[Start of section]

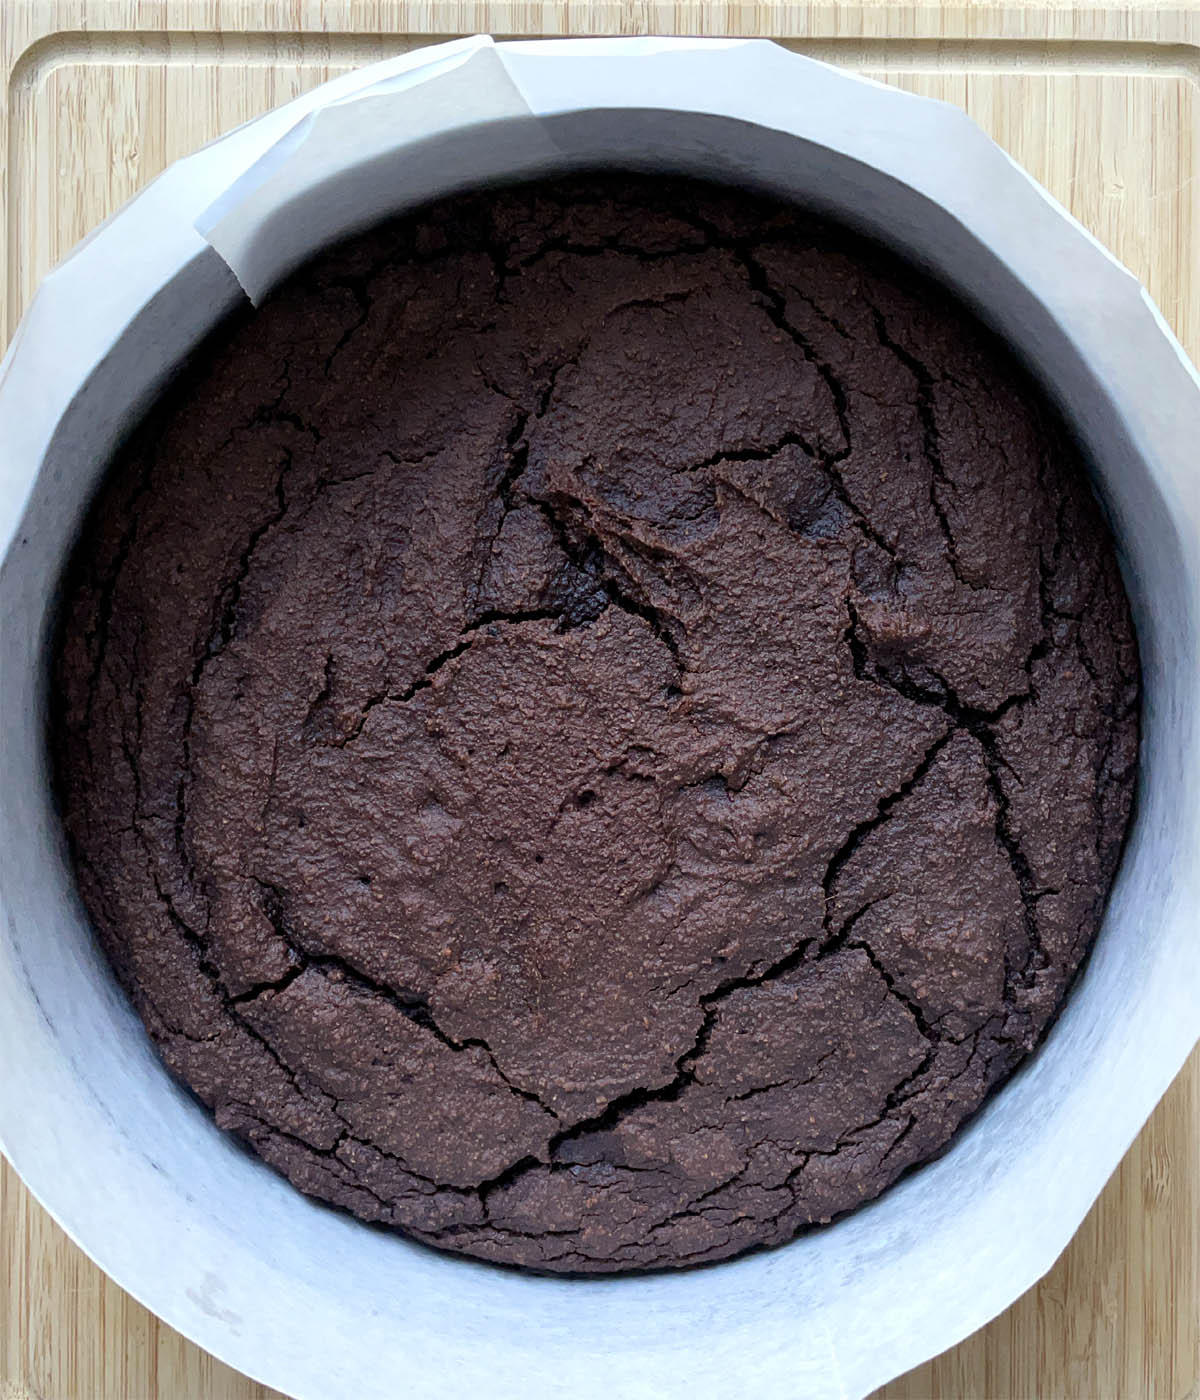 A brown baked chocolate cake in a round pan lined with white paper.
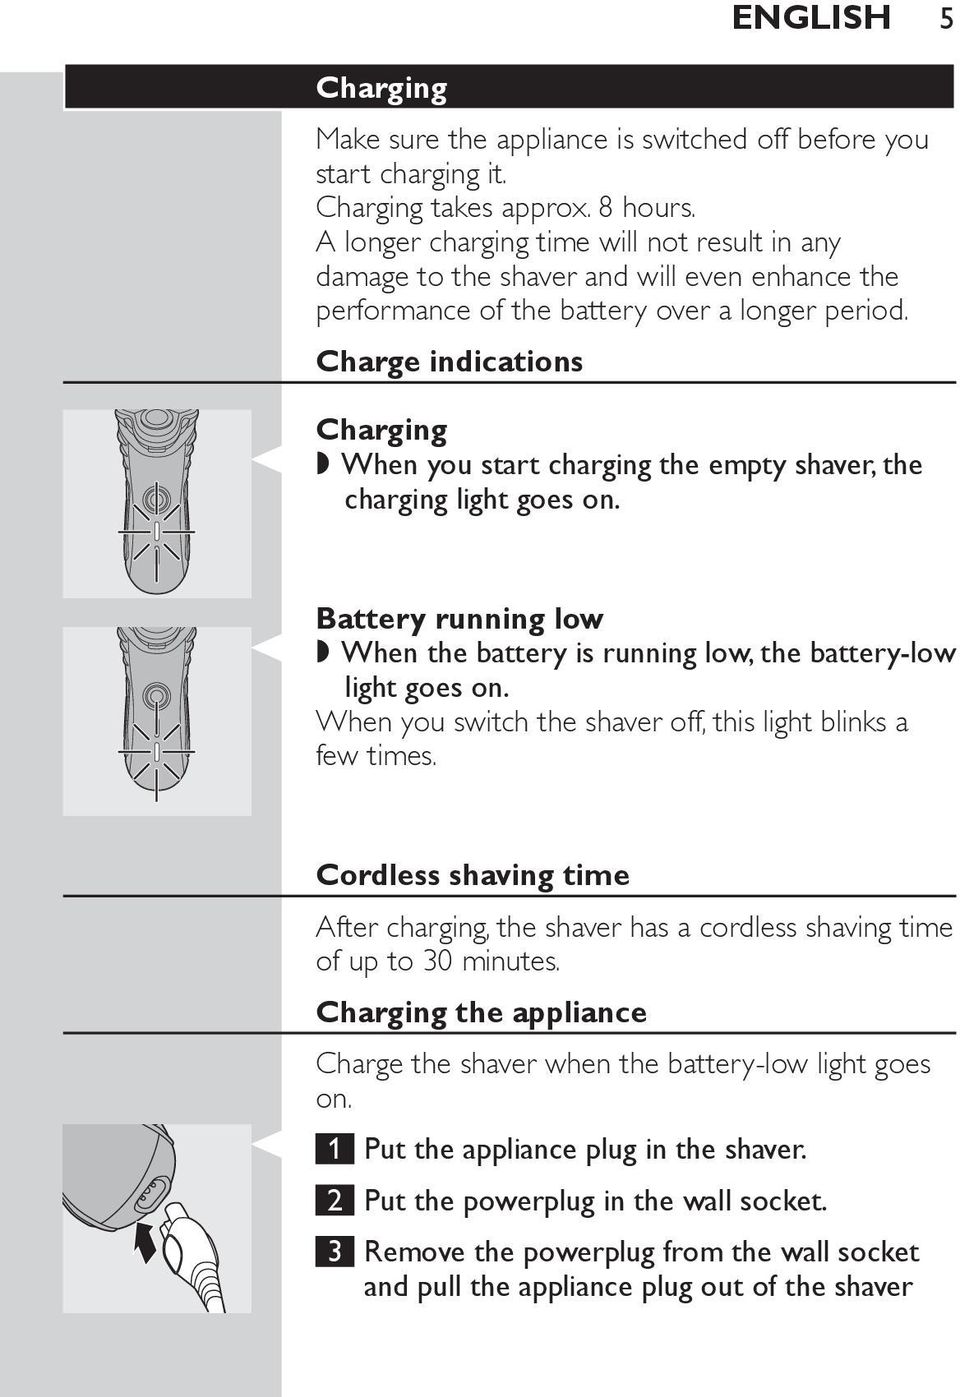 Charge indications Charging, When you start charging the empty shaver, the charging light goes on. Battery running low, When the battery is running low, the battery-low light goes on.
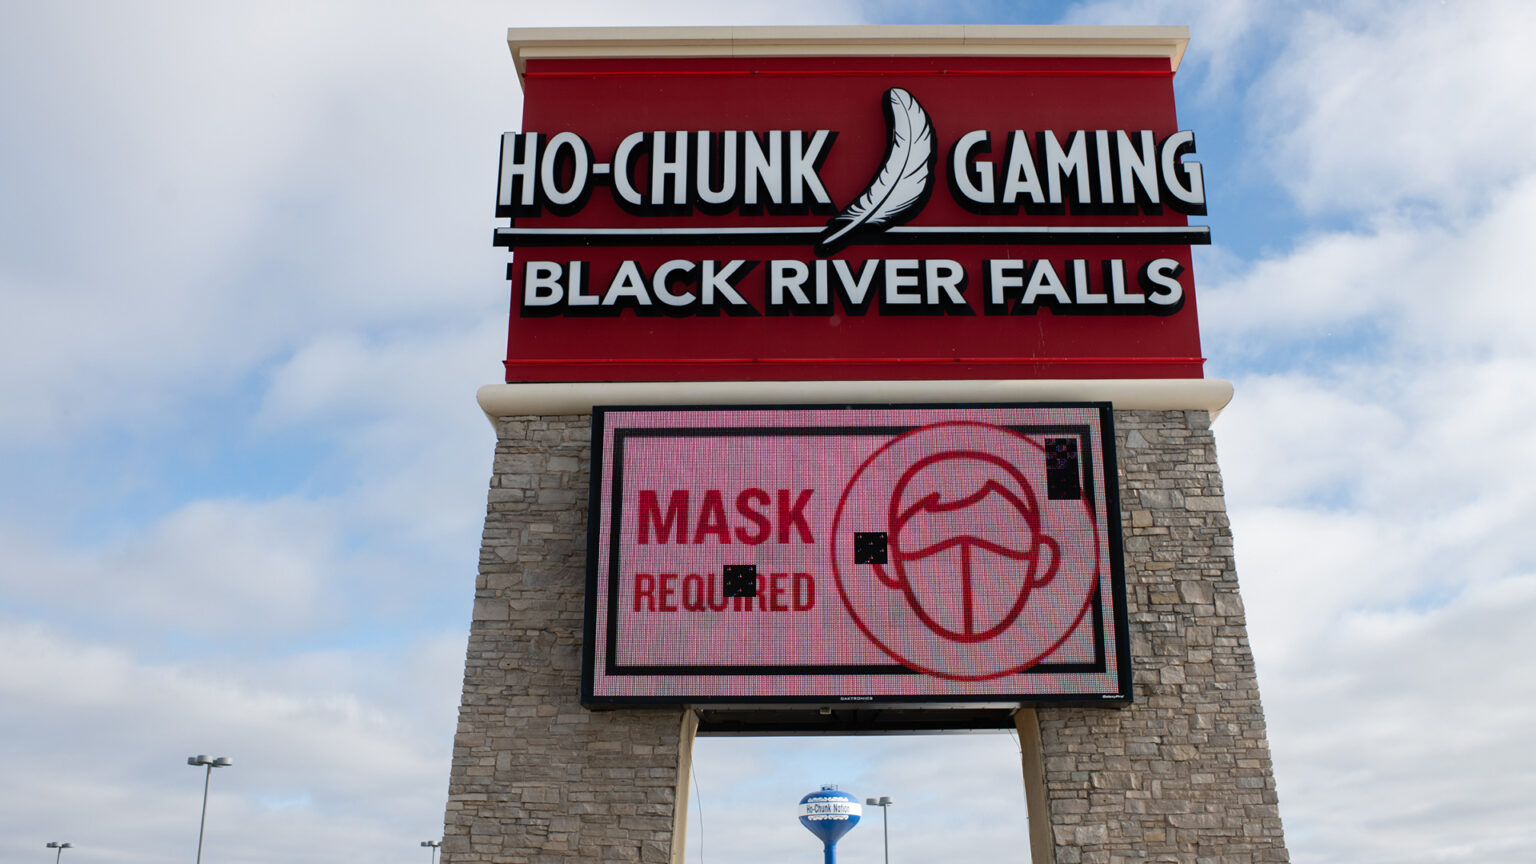 A large exterior sign for Ho-Chunk Gaming Black River Falls is situated above an electronic screen with an illustration of a face covered with a mask and the words Mask Required.

[End of section]

I would like the material above returned exactly as it stands, without its pictures.

### The completed task
 A brown baked chocolate cake in a round pan lined with white paper.
 Charge indications Charging, When you start charging the empty shaver, the charging light goes on. Battery running low, When the battery is running low, the battery-low light goes on.
 A large exterior sign for Ho-Chunk Gaming Black River Falls is situated above an electronic screen with an illustration of a face covered with a mask and the words Mask Required.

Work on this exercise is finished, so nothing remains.